Jorge Rojas-Zamalloa
Computer Science and Biology Tutor, Columbia University Tutoring and Translating Agency
Photo: Danny Kim

Personal Trainer
A.R.T. Studio by Terri Walsh
424 Broadway, nr. Canal St., sixth fl.; 212-461-4827
Unless your fitness tastes run to the exotic or extreme, an apprentice trainer is nearly as apt to get you in shape as a pro. At Terri Walsh’s studio, the apprentices are fully certified but have less than five years of experience in the trainer’s cult Active Resistance Training method, which combines intervals of strength training and cardio. A package of twenty sessions with an apprentice here is $1,500, which is what twelve sessions would run you at Chelsea Piers and down from $3,300 for half the training hours with a Walsh master. Savings: 54 percent

Dog Groomer
New York School Of Dog Grooming
455 Second Ave., at 26th St.; 212-685-3776
A clean and happy dog is a clean and happy dog. And so long as the groomer who got him that way was efficient, gentle, and generous with treats, there’s no reason to get caught up in credentials.

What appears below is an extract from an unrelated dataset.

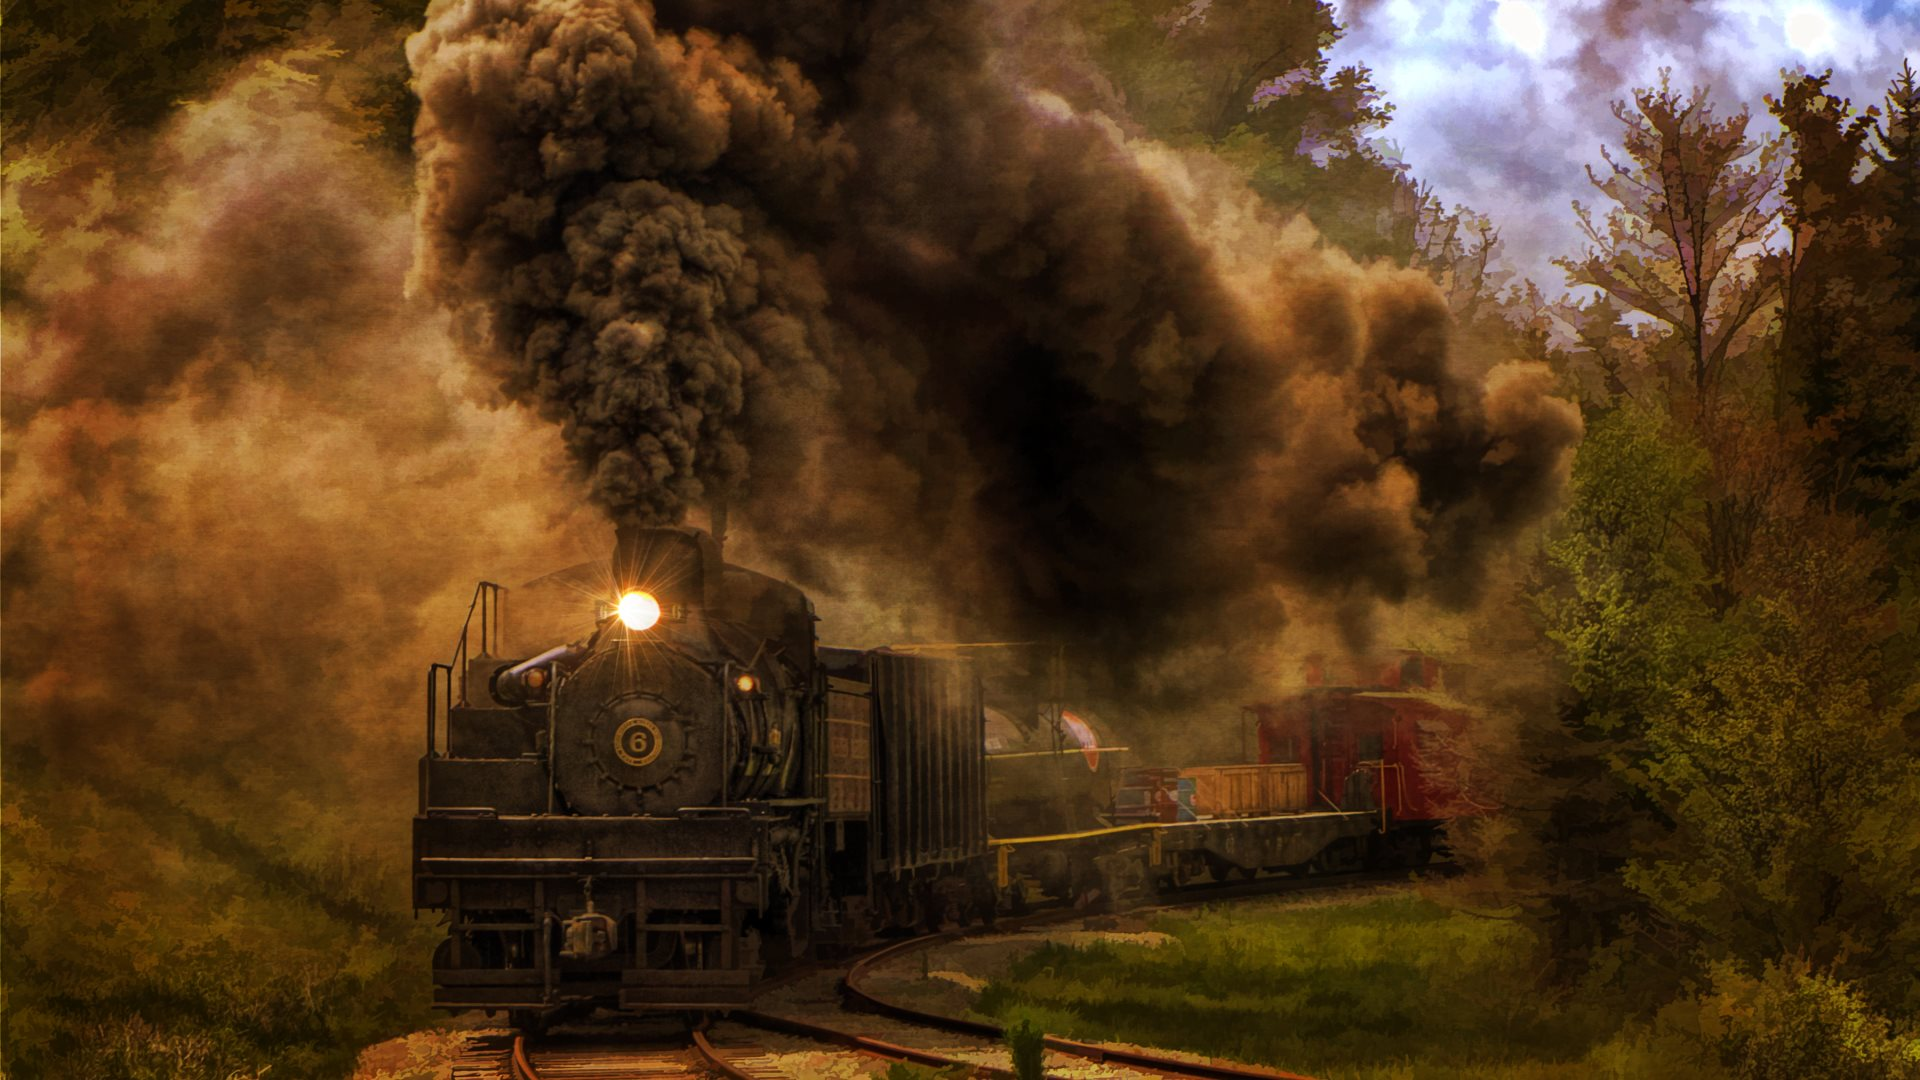 steam locomotive hd wallpapers - photo #15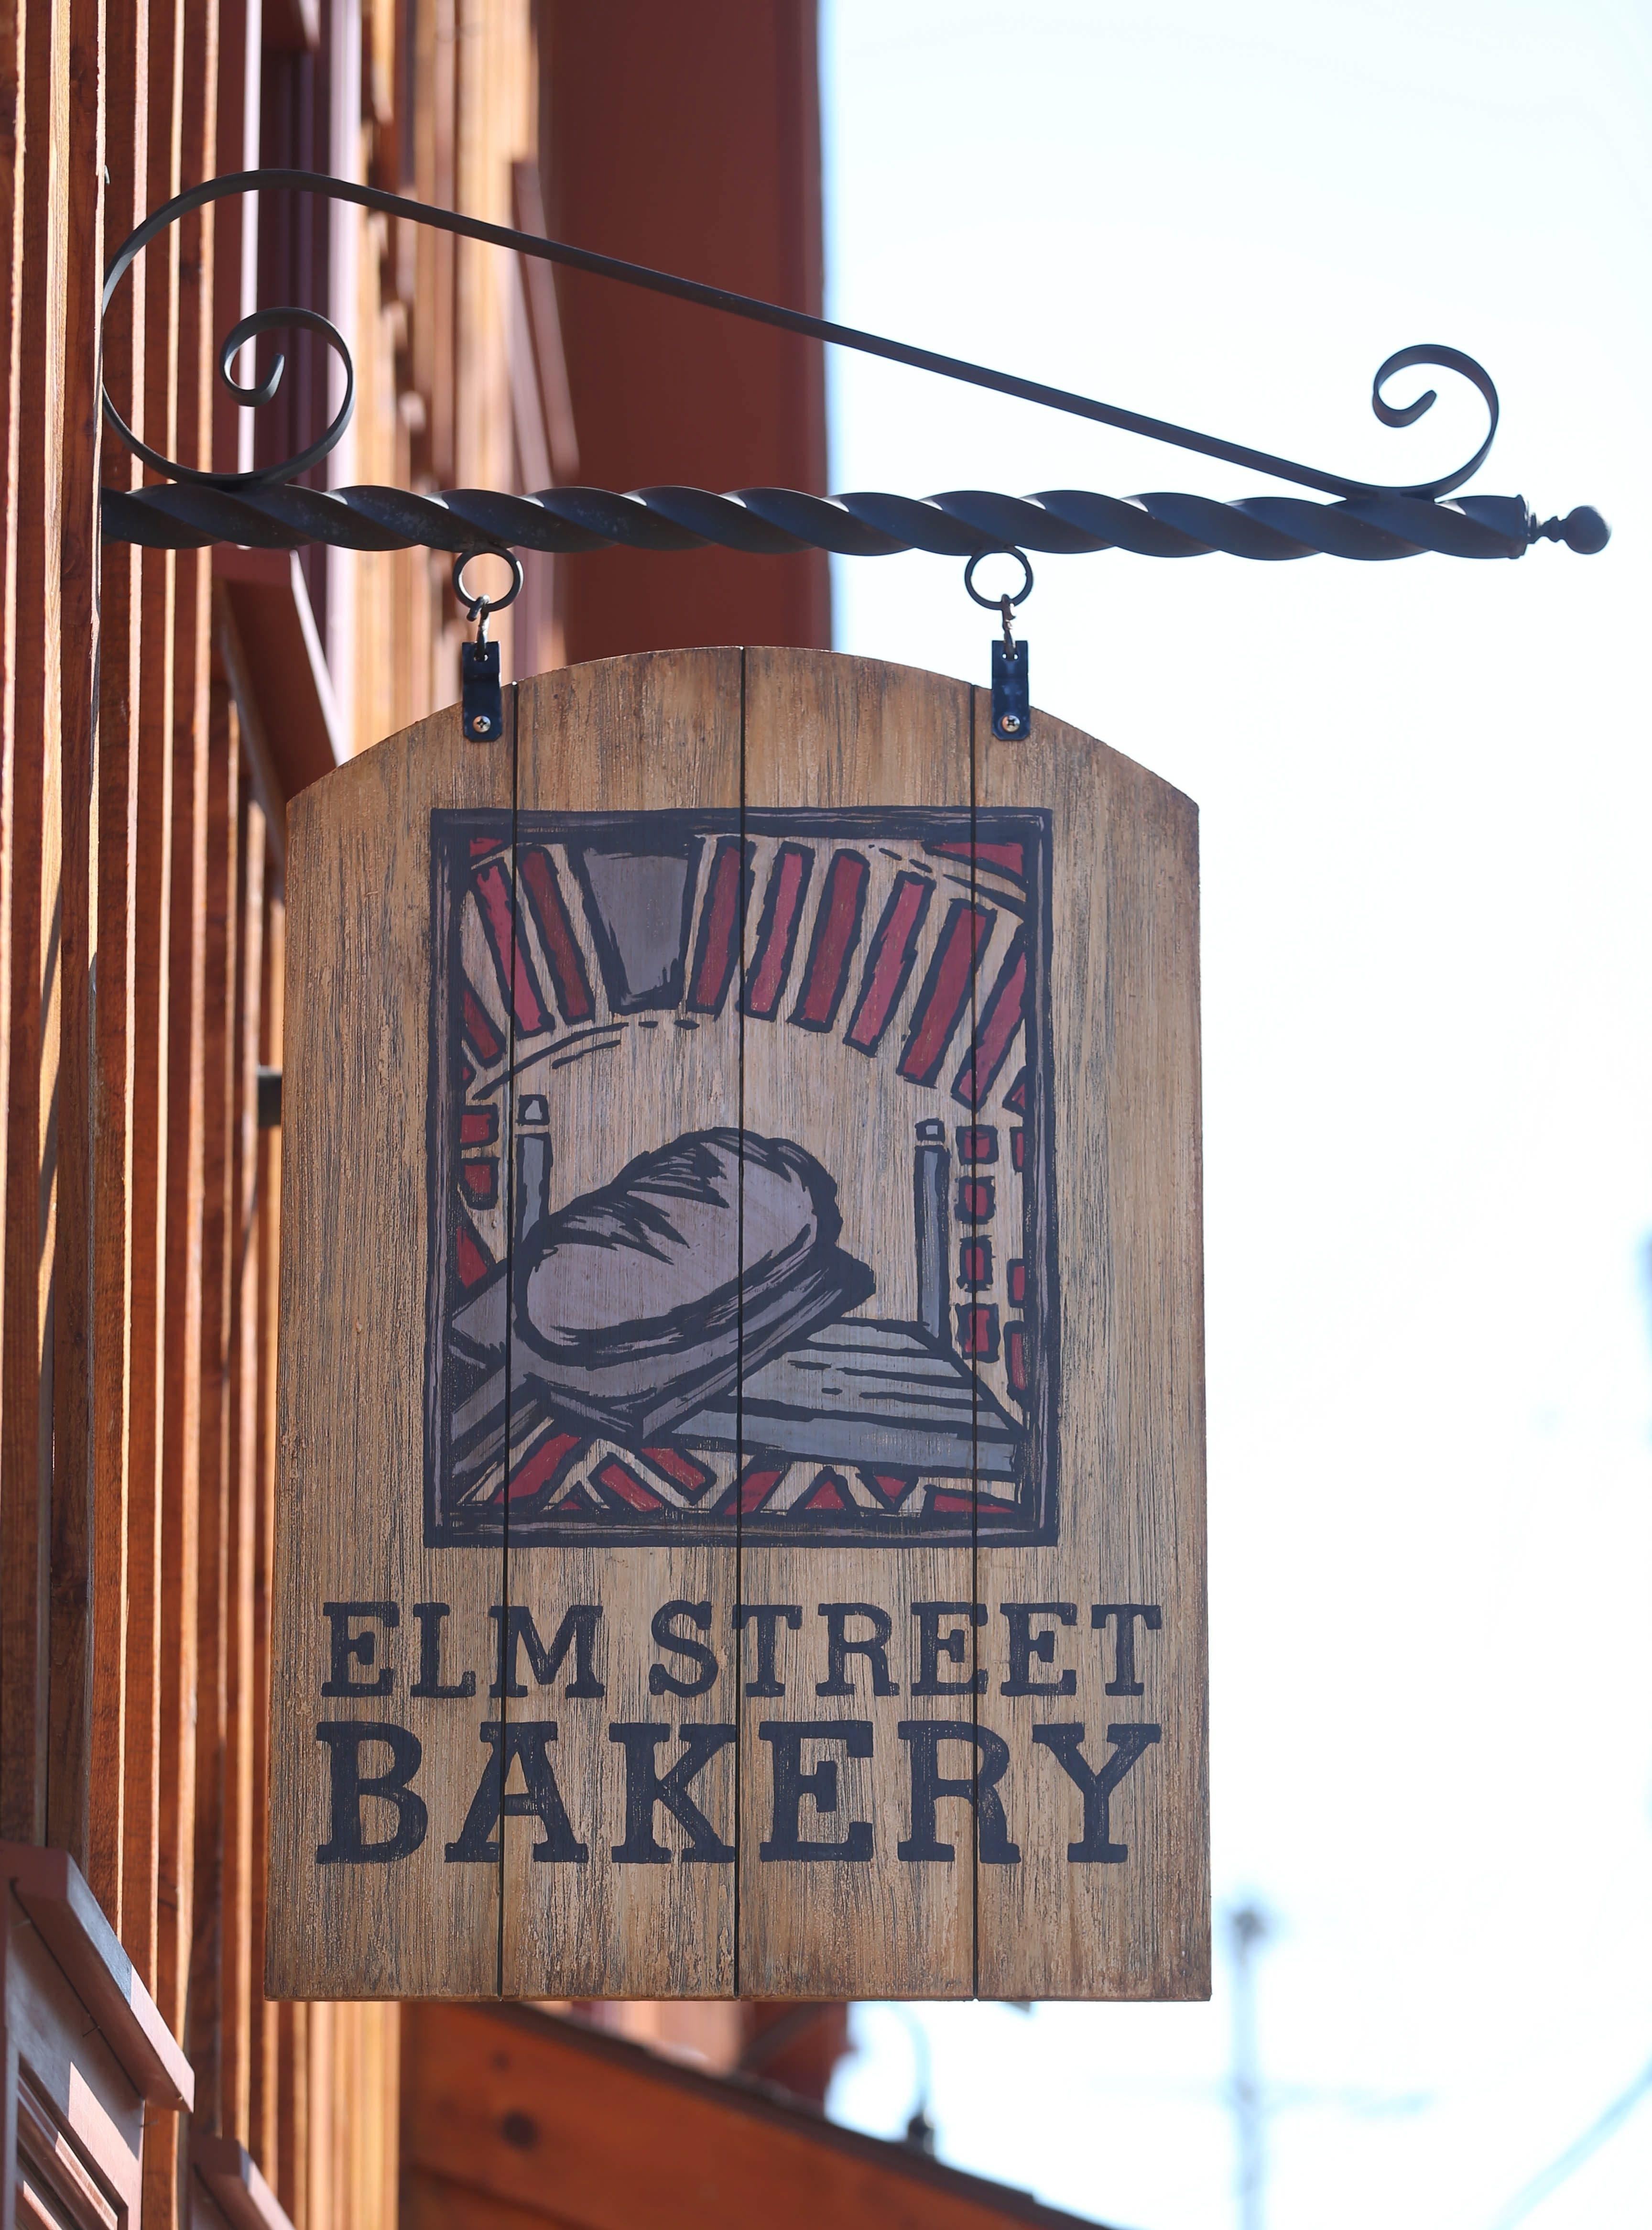 Elm Street Bakery at 72 Elm St. in East Aurora, makes a.  Photo taken, Tuesday, Sept. 15, 2015.  (Sharon Cantillon/Buffalo News)

At New York School of Dog Grooming, pup lovers seeking their grooming licenses take care of breeds both big and small while being overseen by instructors. Standard grooming (shampooing, nail-clipping, and ear-cleaning) starts at $35 for small dogs on weekdays, $40 on weekends—a bargain compared with the city’s many chichi dog salons, which can charge over $100 for similar results. Savings: 65 percent

*Savings were estimated by comparing average student rates to those of their professional competitors.

*This story has been updated to suggest offering about $25 an hour on Parsons’ job board, rather than $12 an hour. It has also been corrected to show that Tara Benitez, pictured on page two, is former student and current groomer at the New York School of Dog Grooming, not a current student.